Pada Mulanya Adalah (Mencintai) Kata
Pada mulanya adalah Kata (dengan K besar). Syahdan Tuhan menitahkan alam semesta ini dengan Kata: Jadilah! Maka terciptalah alam semesta dan juga manusia. Berbeda dengan ciptaan Tuhan yang lain, manusia dibekali kemampuan menangkap, memahami, memaknai, bahkan mencipta kata-kata. Barangkali karena itulah saya jatuh cinta pada puisi. Ya, karena mencintai puisi adalah mencintai kata-kata. Mungkin semua orang dianugerahi kecintaan pada kata, sekalipun dengan kadar yang berbeda.

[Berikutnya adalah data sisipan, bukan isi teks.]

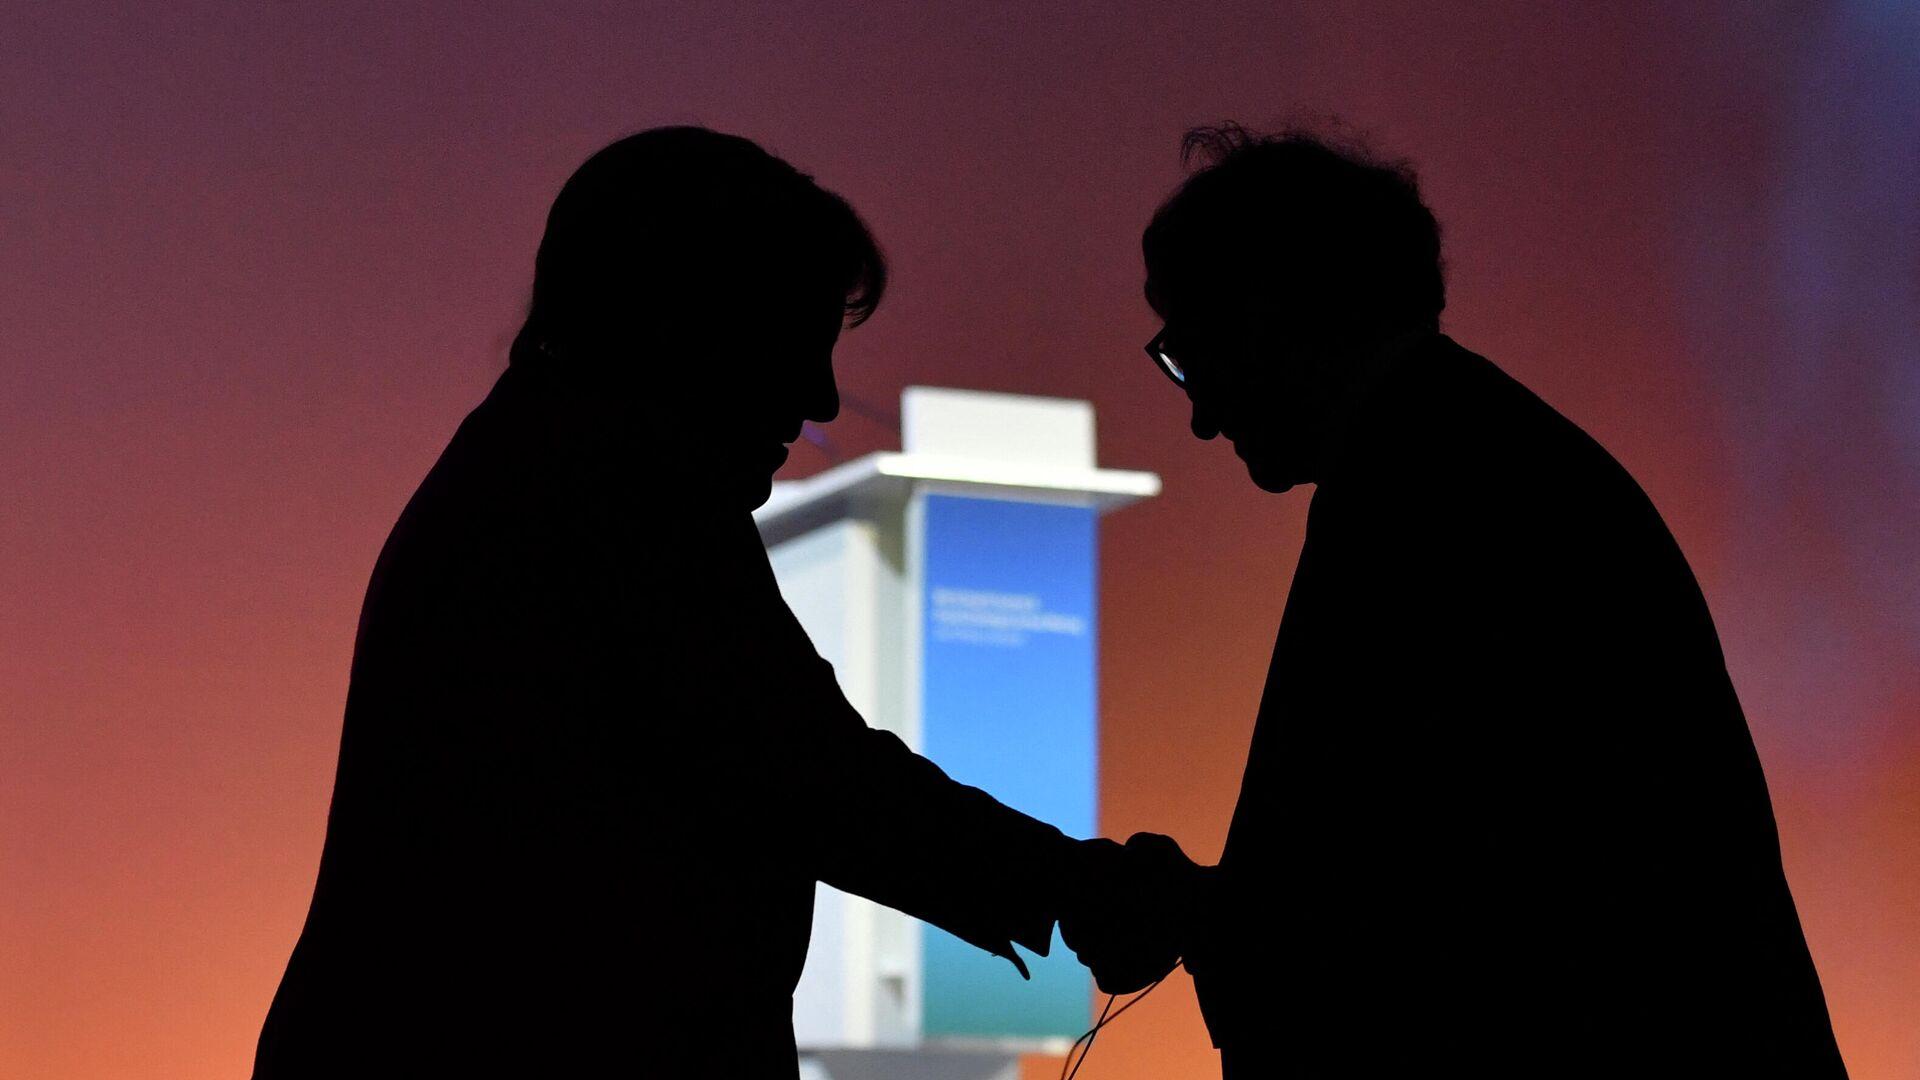 Bundeskanzlerin Angela Merkel gibt Bill Gates, dem Microsoft-Gründer und Inhaber der Bill & Melinda Gates Foundation, nach ihrer Rede auf dem Weltgesundheitsgipfel in Berlin am 16. Oktober 2018 die Hand. - SNA, 1920, 15.02.2021
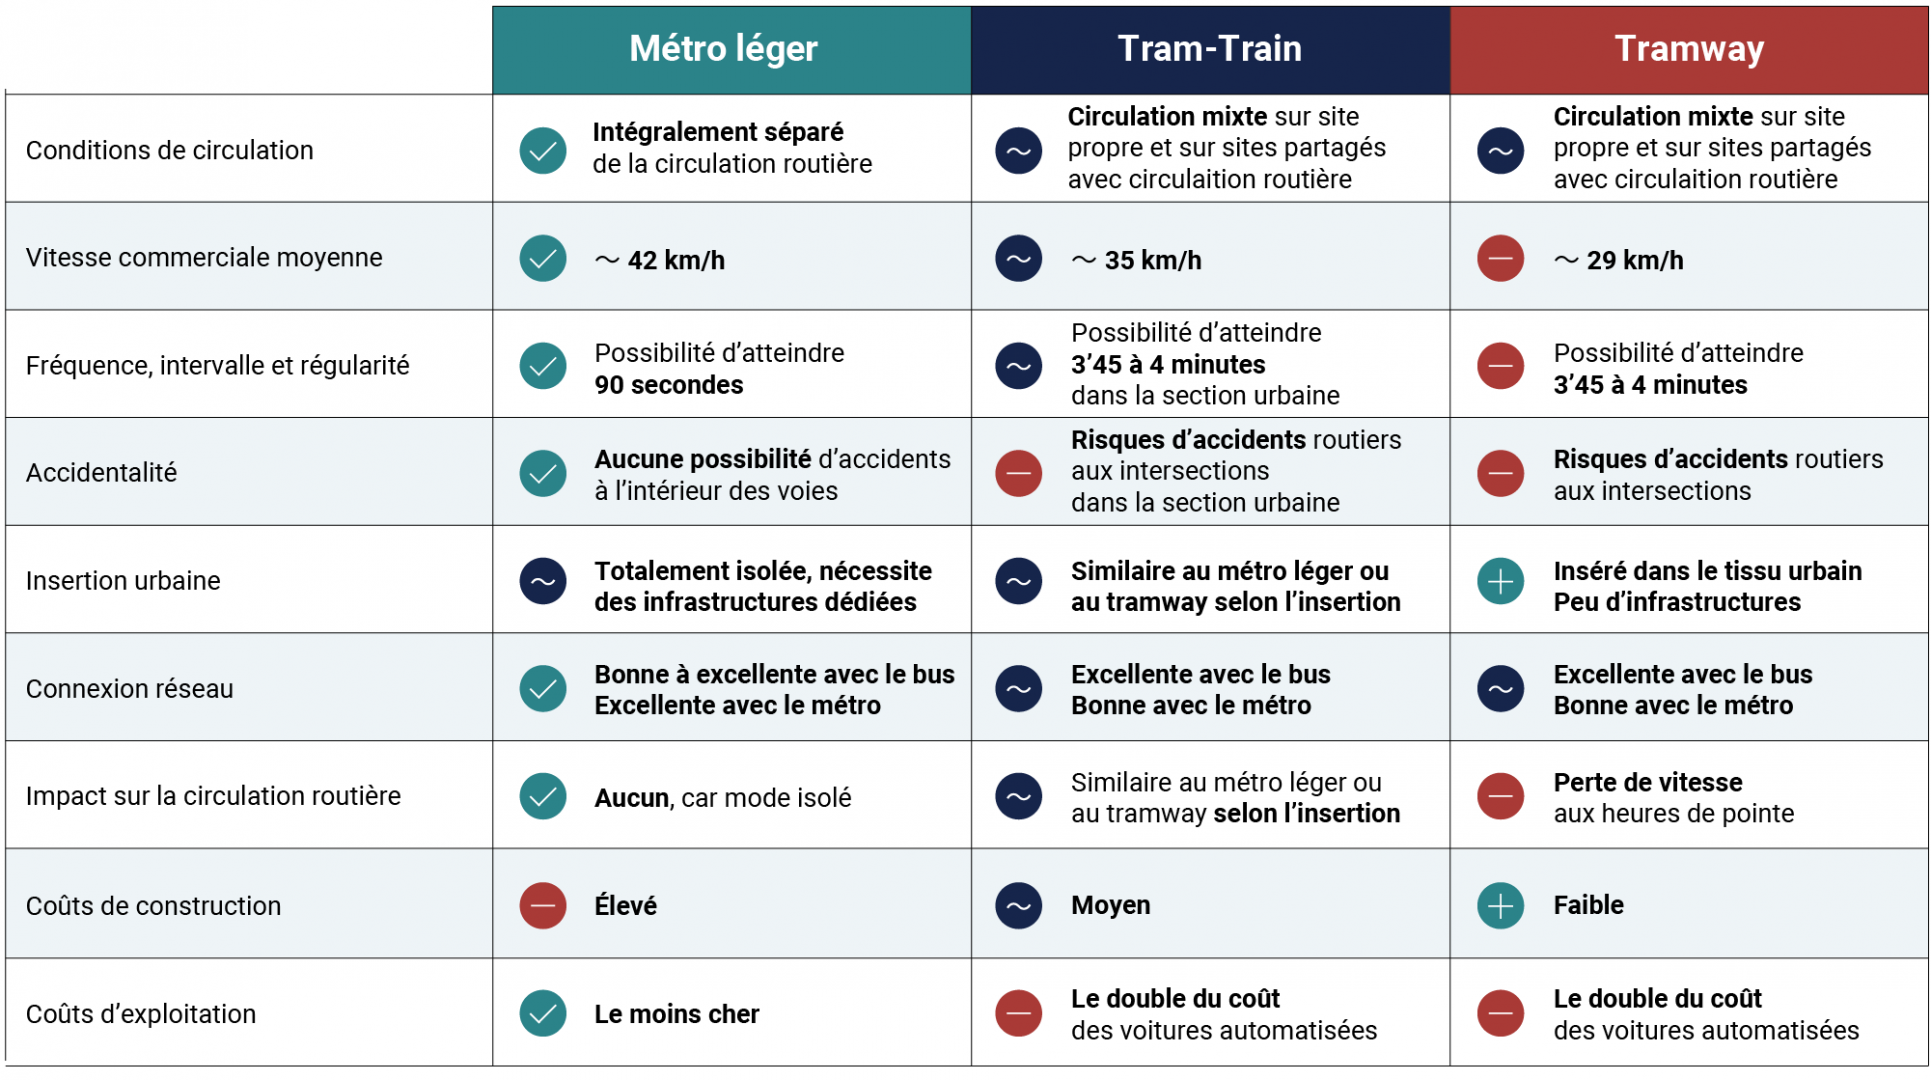 Tableau comparatif du tramway, tram-train et métro léger

Sepanjang ingatan saya yang amat terbatas, kecintaan saya pada kata dimulai dengan kecintaan mendengar suara adzan (panggilan sholat bagi muslim). Saya tidak tahu kenapa, mungkin karena bahasanya yang asing bagi saya, mungkin karena saya sering mendengarnya. Kecintaan pada kata dan irama ini akhirnya mengantarkan saya pada kecintaan puisi, dimulai pada kecintaan membaca puisi pada usia sekolah dasar. Kecintaan ini berkembang pada rasa penasaran mencoba-coba menulis puisi waktu SMP. Kecintaan ini semakin terpupuk ketika di SMA saya berkesempatan membaca puisi secara rutin di radio, dan sempat iseng-iseng kirim ke media cetak. Waktu SMA ini pula saya mulai berkenalan dengan puisi-puisi berbahasa asing (Inggris, Jerman, Arab), baik dalam bahasa asli maupun terjemahan.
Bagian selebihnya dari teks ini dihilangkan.